I’m looking for a cloud computing solution for the following scenario, but I don’t find any service among Amazon AWS and the like that matches my problem description.
Do you know any cloud computing platform for my problem?
The general problem:
I want to run some data analysis on a data stream (only about 1k per second).
Data analysis is carried out by a bunch of independent threads that operate on that data stream.
Each thread simply computes a Boolean value.
The more threads I have the better is the computed result.
My current solution:
I’ve scrounged a box with an Intel Core i7 from another department, but now they want it back :-).
The ideal solution:
Some service that provides me with an abstract machine (like a JVM with unlimited resources) on which I can spawn a great number of threads.

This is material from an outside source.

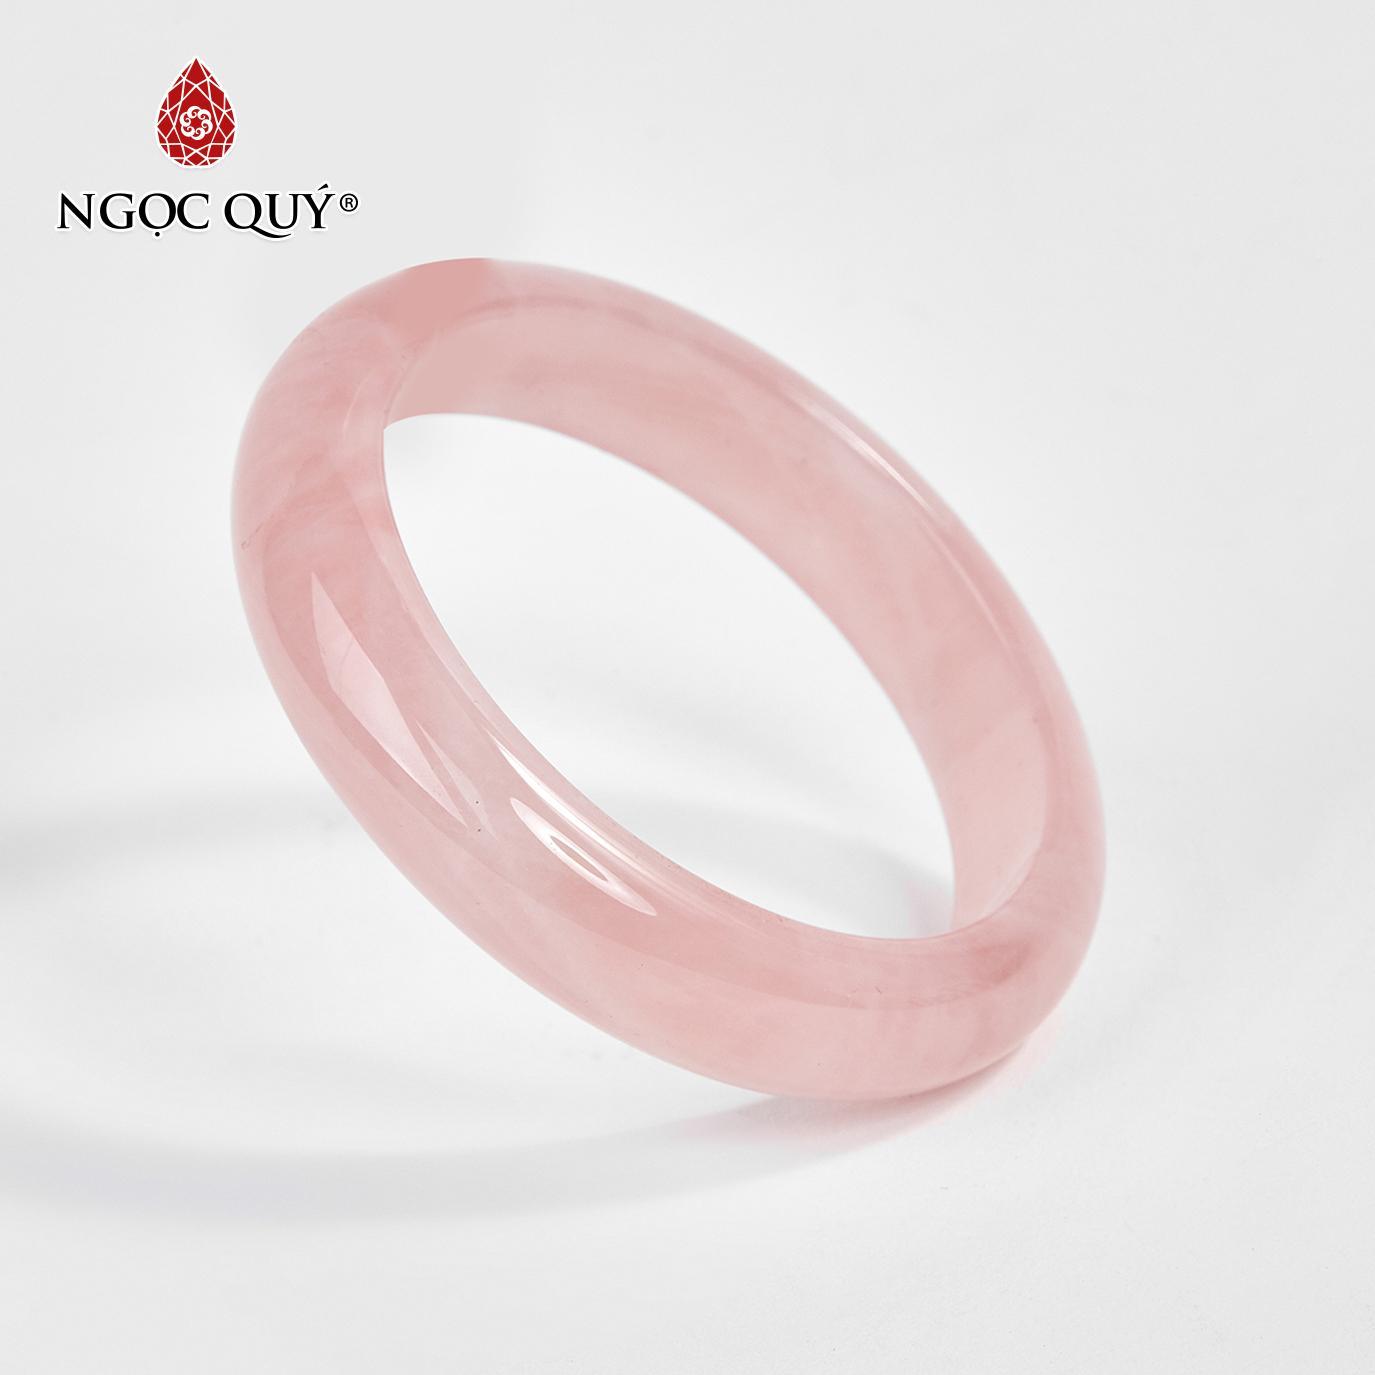 Vòng tay đá thạch anh hồng liền khối Ni 52 - 58 mệnh hỏa, thổ (màu hồng phấn) - Ngọc Quý Gemstones

Also there needs to be some kind of connection to stream the input data and get back the computed results (< 1k per second).
Things should happen in real time (in contrast to being scheduled to be executed like “in the next few minutes”).
So the bottleneck is not memory or disk space, but just computing power and latency.
(And since I need the data analysis just every now and then, cloud computing seems to be economically reasonable here.)
For completeness from the major vendors you have a few categories of choices:
Cloud compute which scales, from AWS it’s EC2; from Google it’s Google Compute Engine (still in private beta); from Microsoft it’s Azure Virtual Machines (also still in private beta). There are, of course, many other vendors, such as Rackspace (which uses OpenStack and more). Given your scenario, I believe something in this category would be the best choice for you.
Cloud-based MapReduce (running on Hadoop) – from AWS that’s Elastic MapReduce; from Google that’s BigQuery; from Microsoft that’s Hadoop on Azure (which is still in beta). There are other vendors in this space as well…Cloudera, HortonWorks, etc… here’s a list.